[Provided material Boundary: Start]

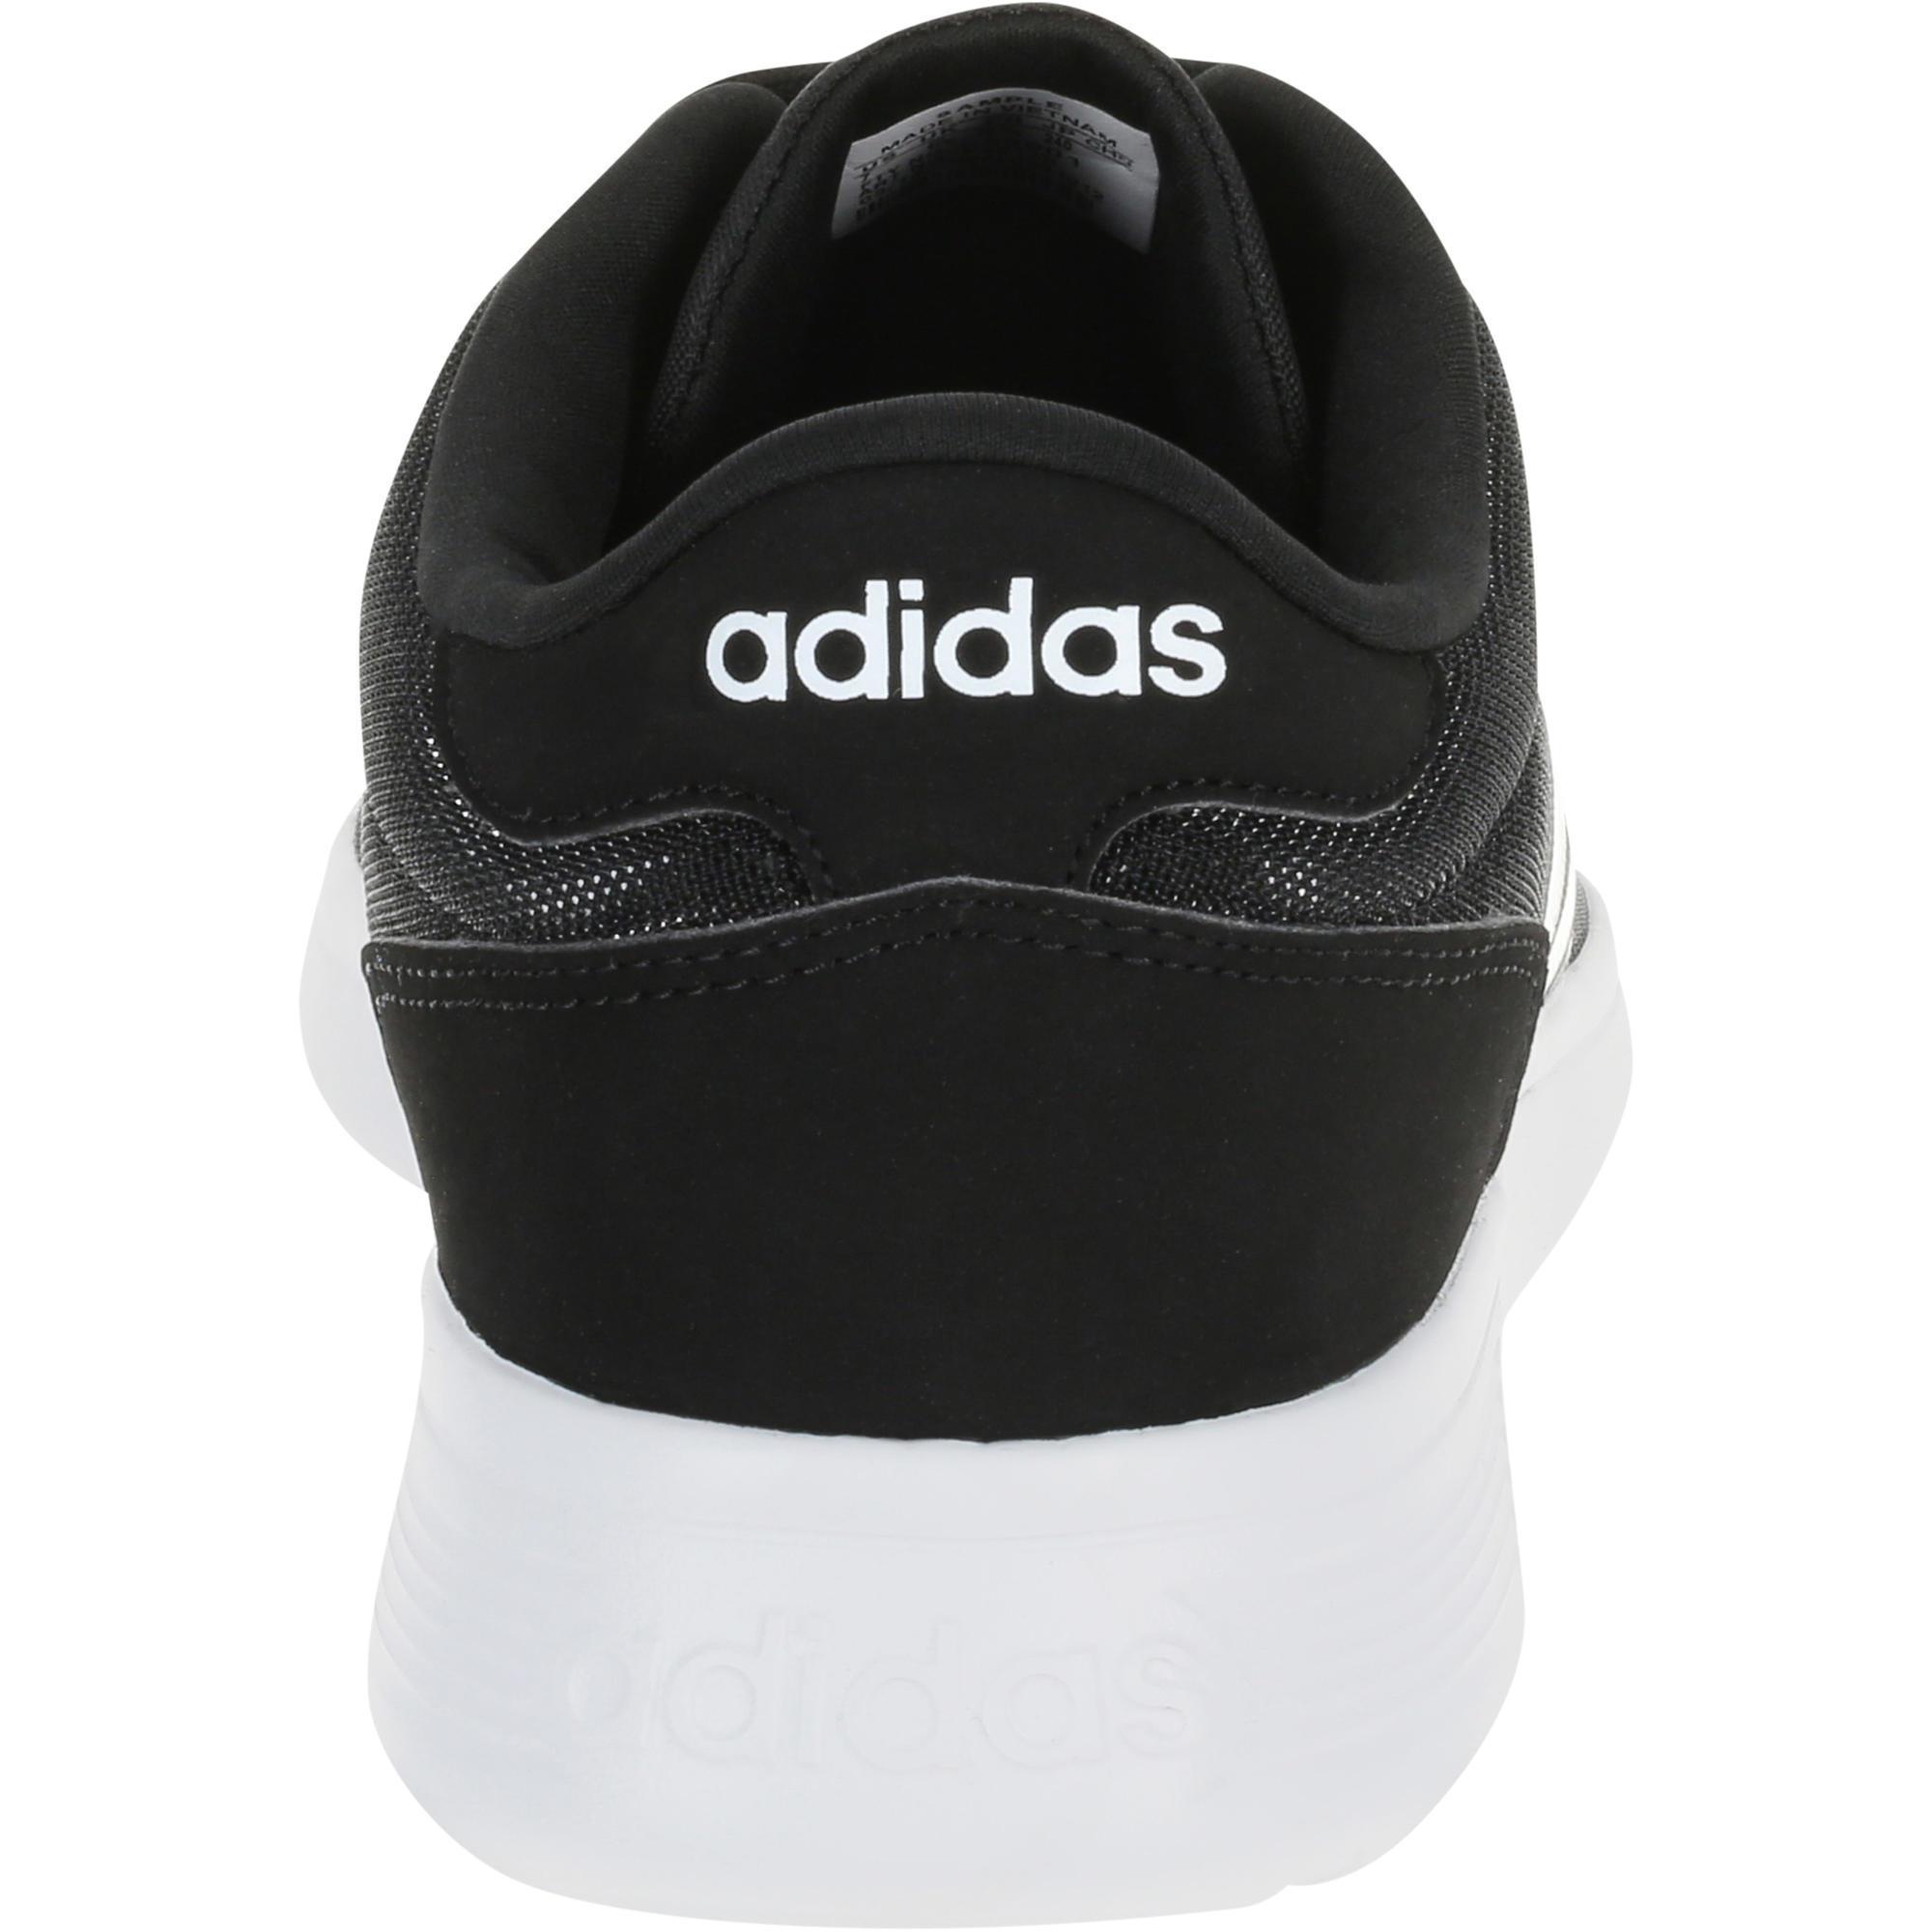 3e98325a4356 Sportive Lite Chaussures Decathlon Marche Noir Femme Adidas Racer wxAE0dq0I
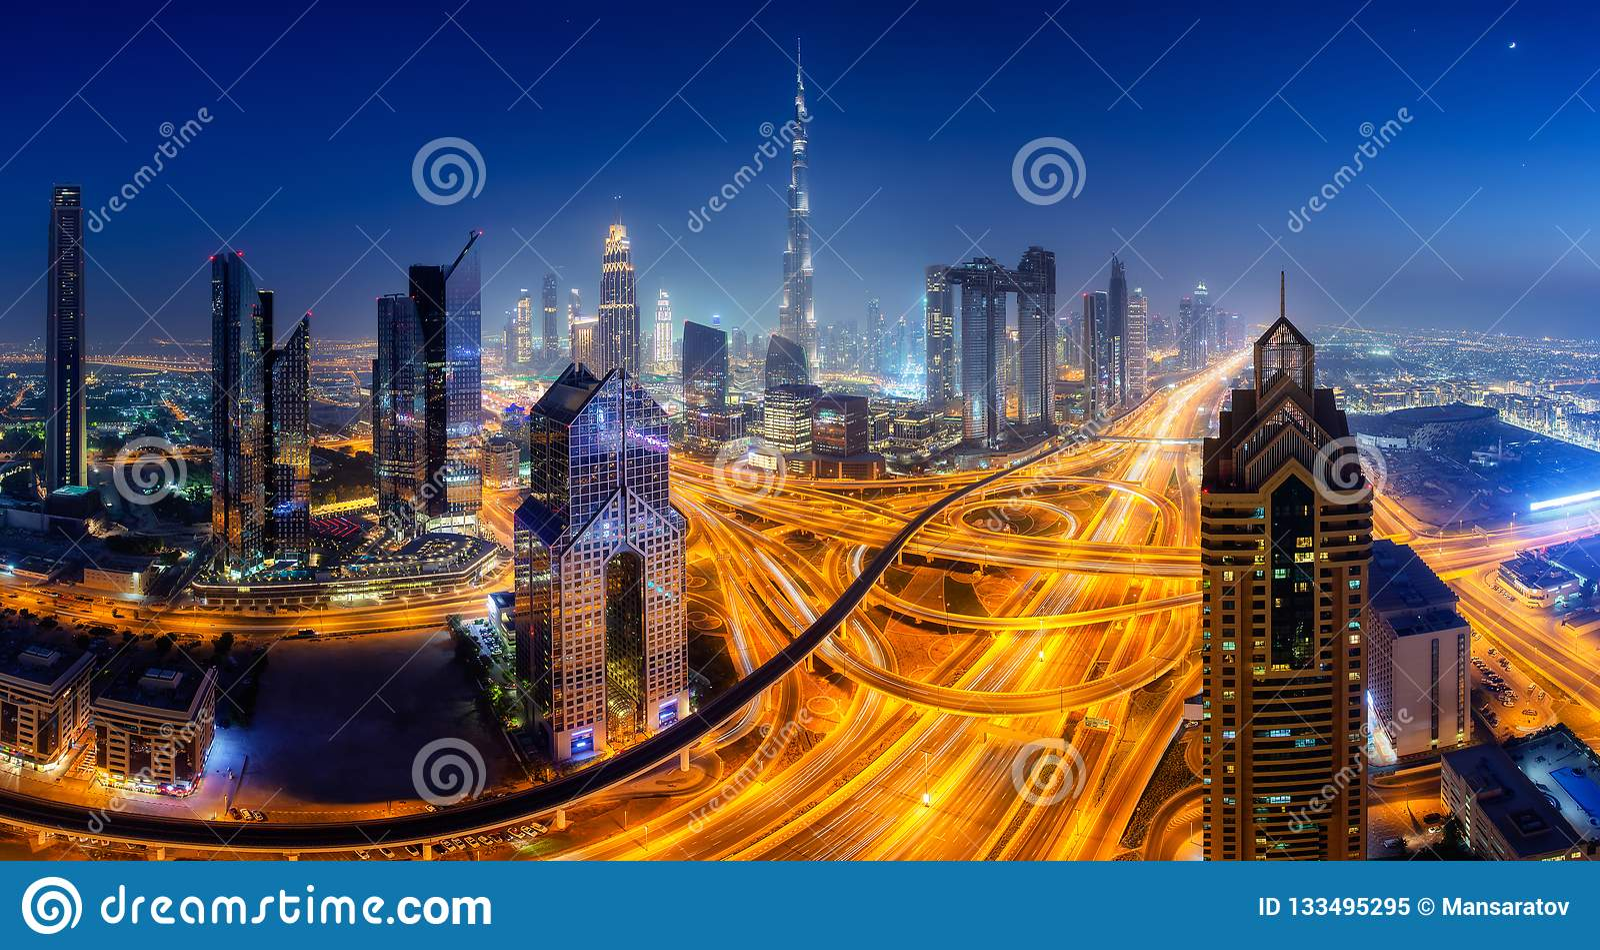 Dubai-Skyline, im Stadtzentrum gelegenes Stadtzentrum
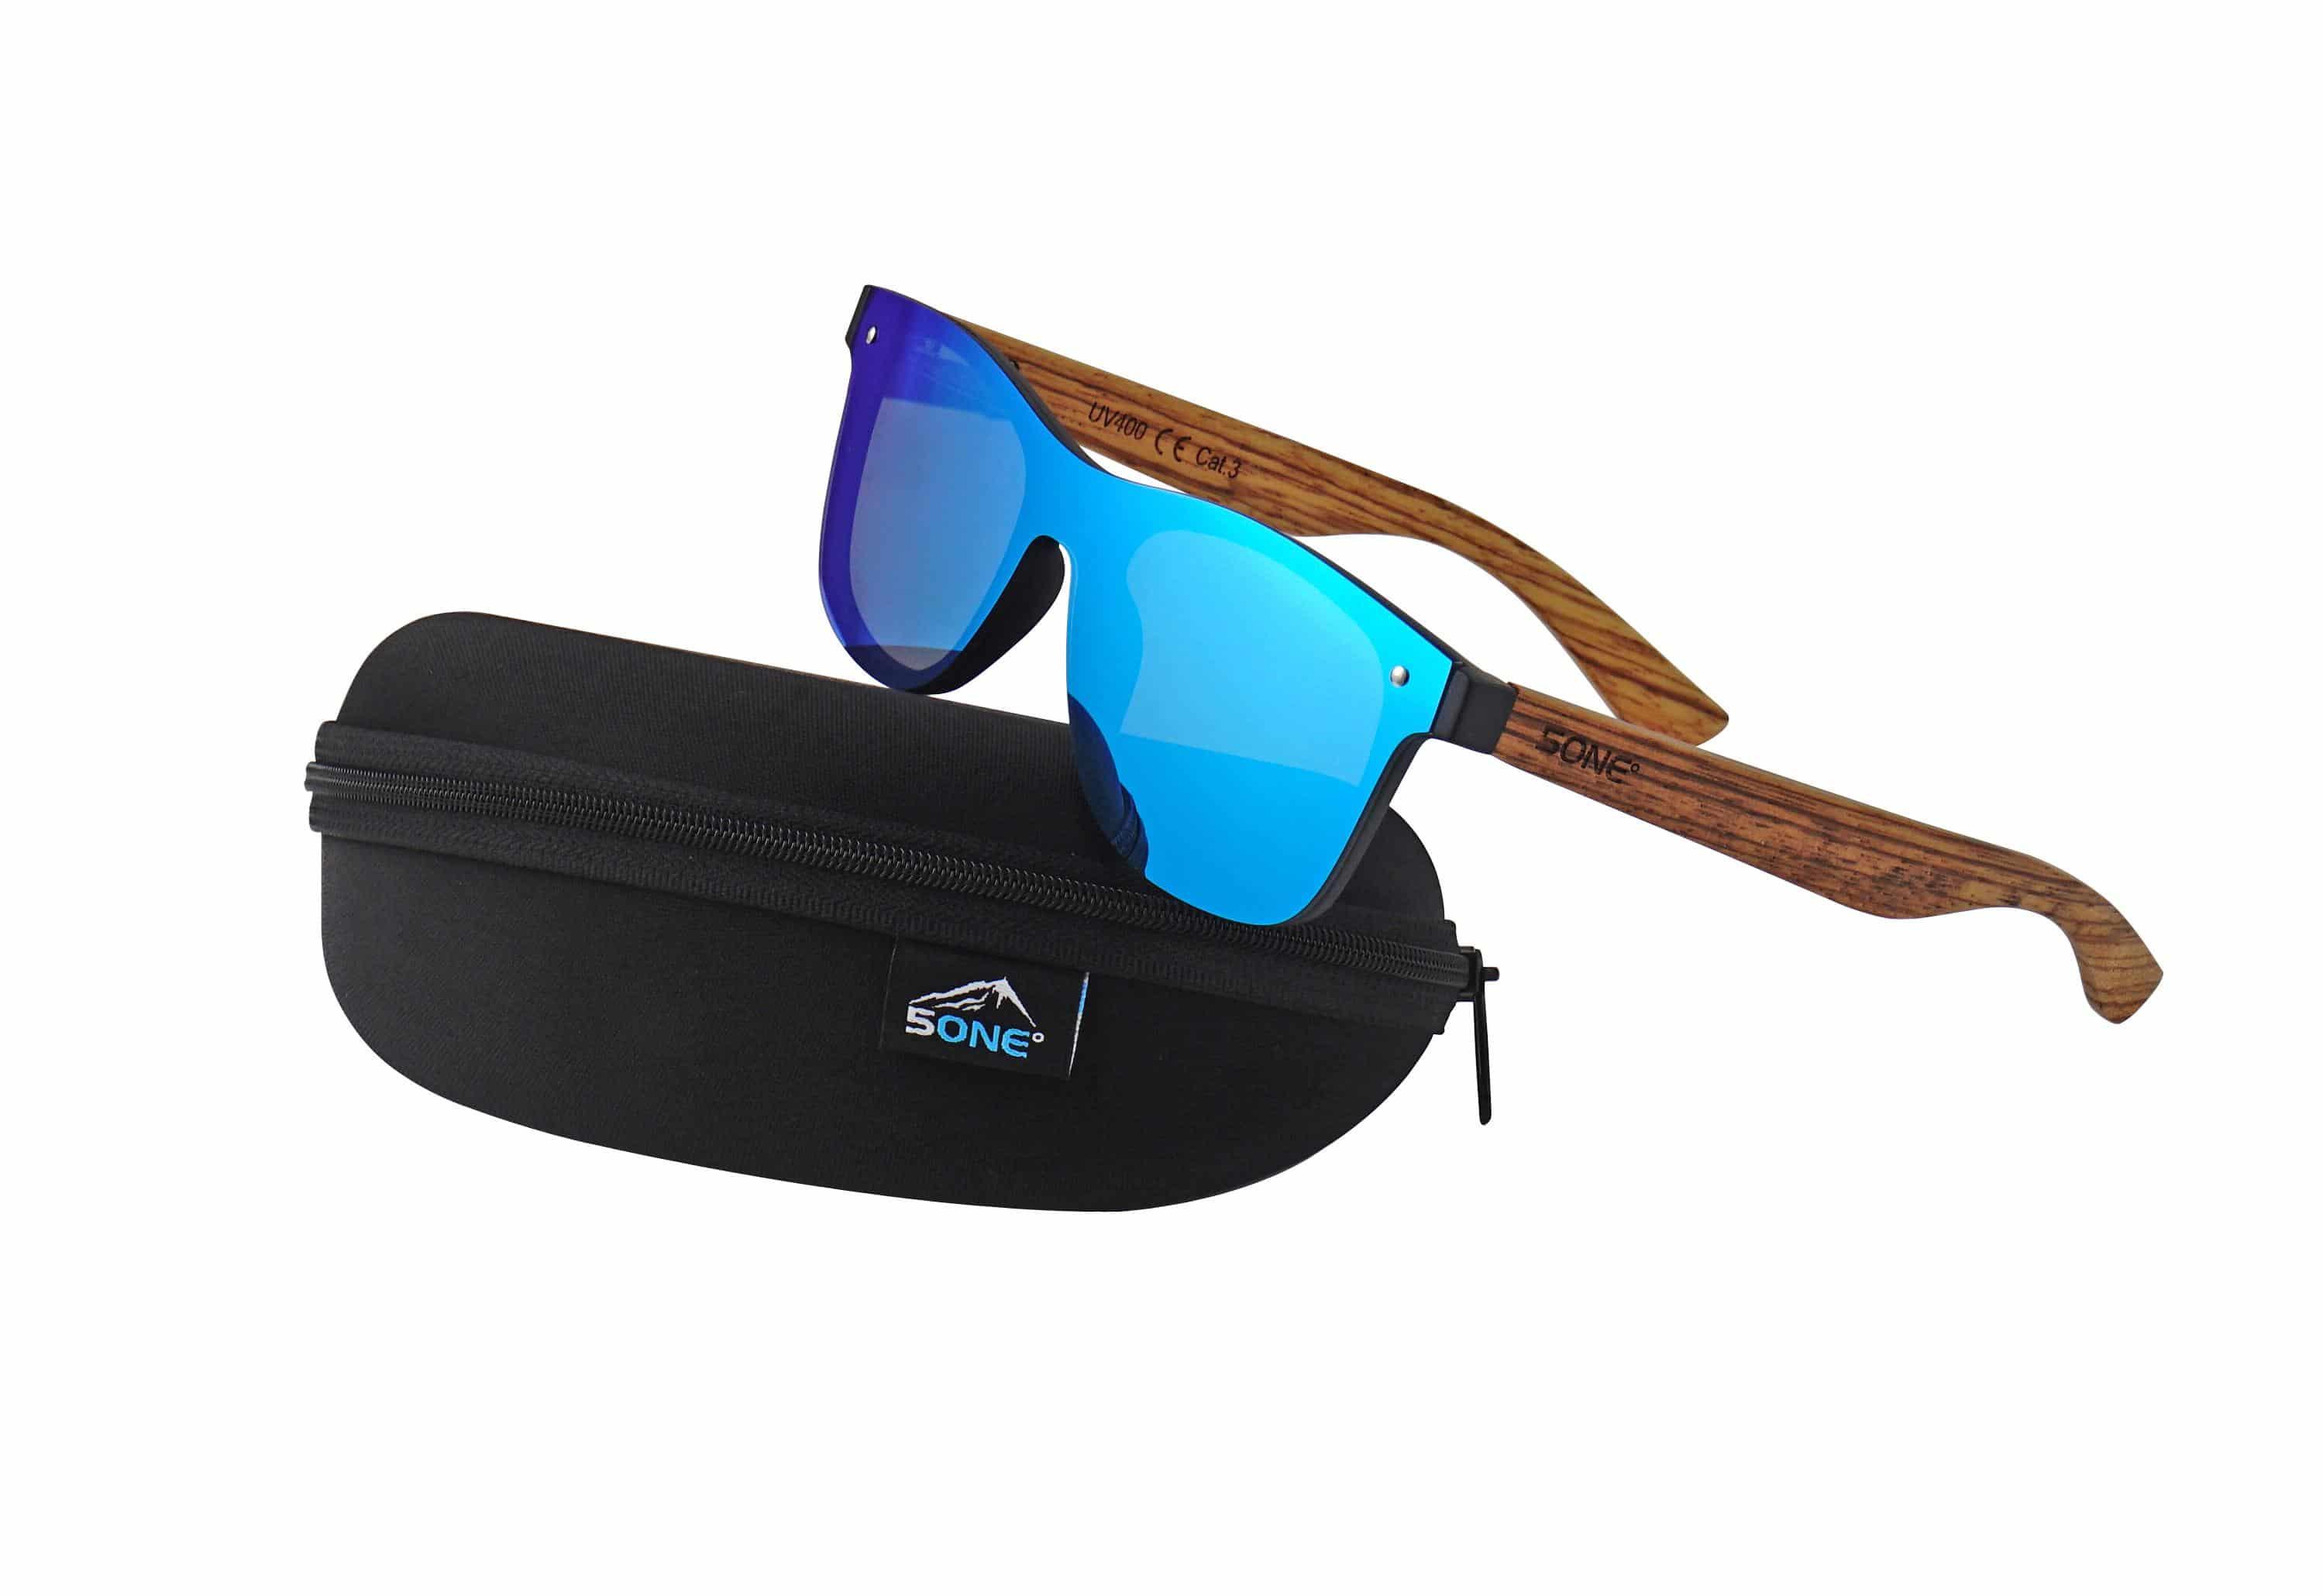 5one® Hvar Zebra Ice Blue - wayfarer flat zonnebril

[Provided material Boundary: End]

_Your task_
Print the listing verbatim, images excluded.

_Answer for this exercise_
 3e98325a4356 Sportive Lite Chaussures Decathlon Marche Noir Femme Adidas Racer wxAE0dq0I
 Dubai-Skyline, im Stadtzentrum gelegenes Stadtzentrum
 5one® Hvar Zebra Ice Blue - wayfarer flat zonnebril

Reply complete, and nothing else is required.